Sure, you'll likely get movement (lack therof) problems if you quit from high doses abruptly. It's a similar story with opiates and coke too (though we don't normally call them Parkinson's-like). You turn into a hunched-up ball (well I do anyway) or shake and writhe about. I've nursed people with Parkinson's and it's a terrible disease - I'd never recommend (or take) any therapy that I thought was likely to cause that. I've had the akathisia myself after taking a 0.75mg dose all in one go - I couldn't lay down to sleep without wanting to kick my legs and writhe about, yet pramipexole is prescribed to treat these problems, so it all hangs on the dose and your individual response. It actually helps me get restful sleep at 0.125mg.

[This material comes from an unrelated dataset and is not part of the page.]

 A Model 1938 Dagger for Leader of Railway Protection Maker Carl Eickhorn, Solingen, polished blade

I've also had akathisia from taking Abilify from my psychiatrist, yet he claimed it wouldn't be much of a problem.

No ma'am, sorry to say:(....our nice friends at the DEA say codeine is schedule 3 when mixed w/ tylenol,and schedule 2 when its just as the sulphate or the phosphate salt by itself...pointless, Rags, you know? Can't tell u how many times I would have killed for some OTC codeines, even the shitty ones with 8mg per tab...I mean it would be one helluva cold water extraction, but it would be better than nothing.:mad:

I know the U.K. and Canada, and most other countries, actualy, codeine is OTC.


later
Peace out
take care

Oxy

Believe it or not it's actually up to the state (like how medical marijuana is legal in some states but the dea can always step in.)

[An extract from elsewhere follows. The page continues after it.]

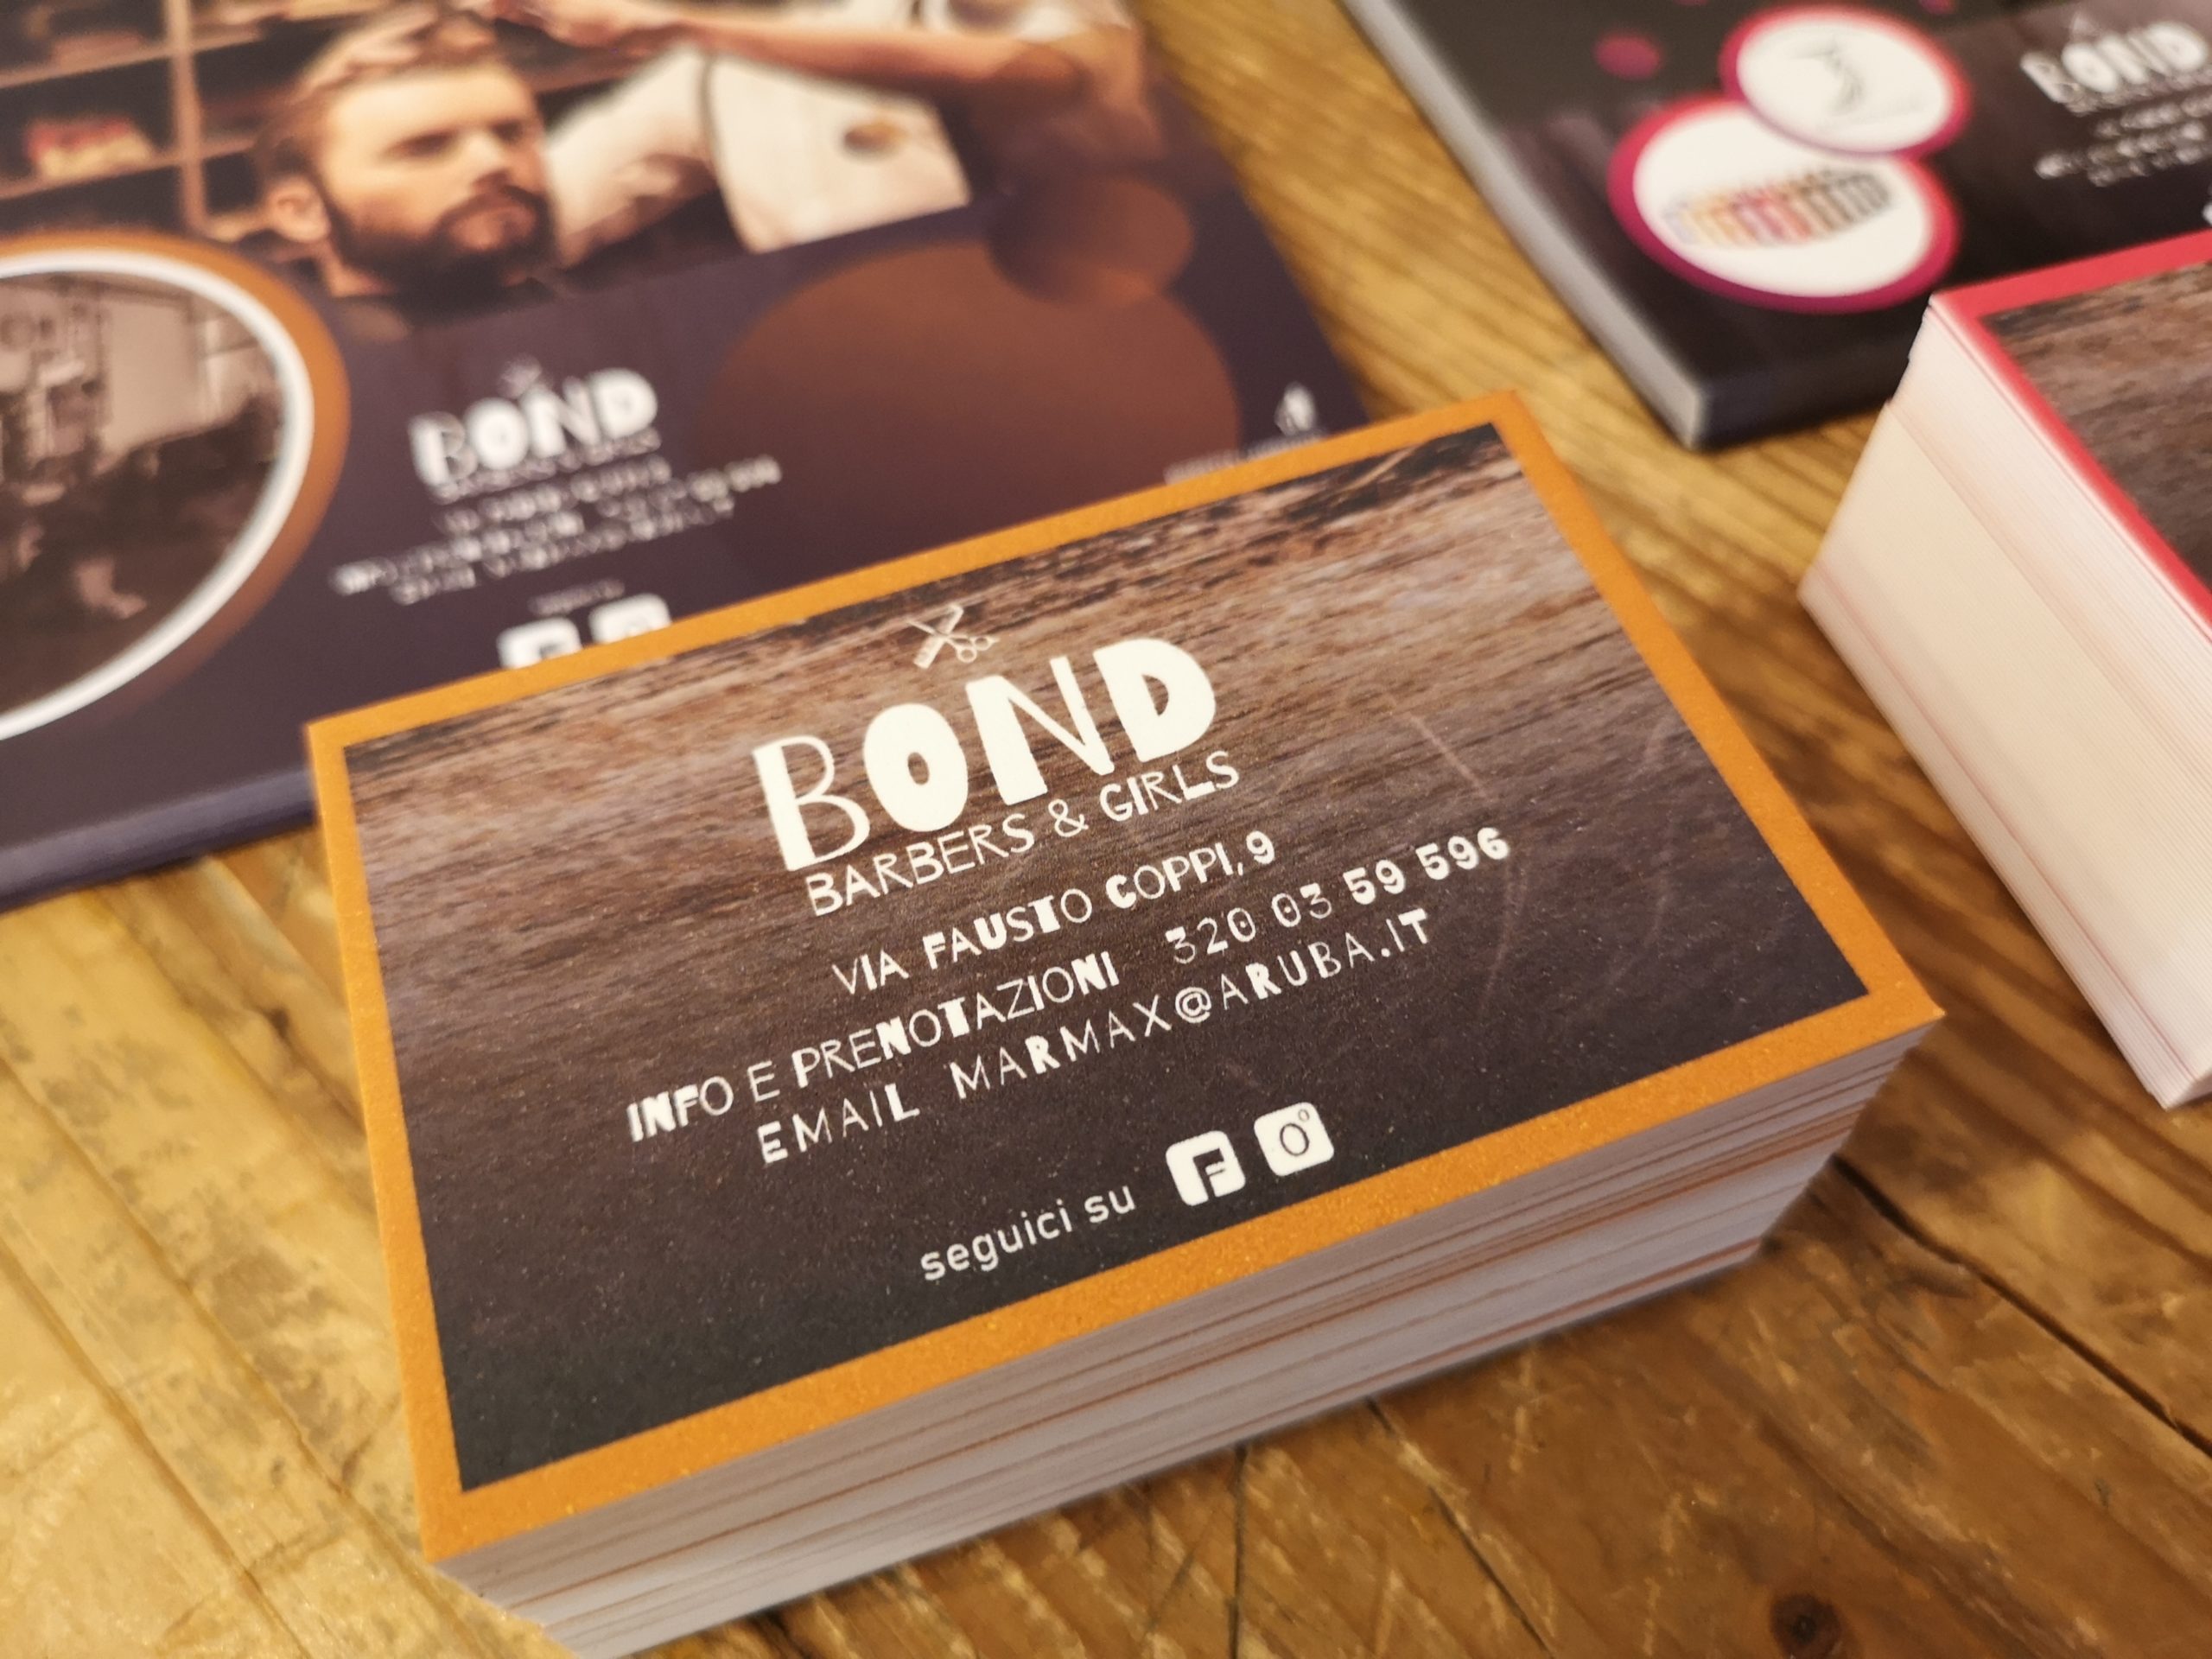 Bond - Barbers & Girls promo 2019 | MASTROiNCHIOSTRO

Washington state is one of the few that actually allows OTC codeine but no one carries it, I've heard that if you poke around enough mom and pop shops in little towns, especially up near the border, that you can find it. I think it's usually in cough syrup form. I think Texas is another state that allows it and they have some cough syrup prep thats known for abuse.

I've thought about combing the little stores outside of Everett and around the reservations in WA but always figured it would just be quicker to drive to BC and buy the shit.

And those little 8mg tabs are fine for a CWE, if ya can handle half a gram of caffeine to go with your codeine :) I did that everyday for about three weeks, longest I've been without coffee since I was a kid..

Thanks for all the corrections guys. I probably stepped out of my league the second I started using words like "agonist". Sorry if I spread stupidity.

I am reading more on the Blue Lotus and found a site saying that it does contain aporphine but not apomorphine. Is this were all the confusion came from? Either way I have definately enjoyed experimenting with it.

No worries, I've enjoyed experimenting with it too :). It's one of the herbs used in a legal cannabis substitute called 'Spice' here in the UK. I don't know anything about the pharmacology of it though, I'll have a look.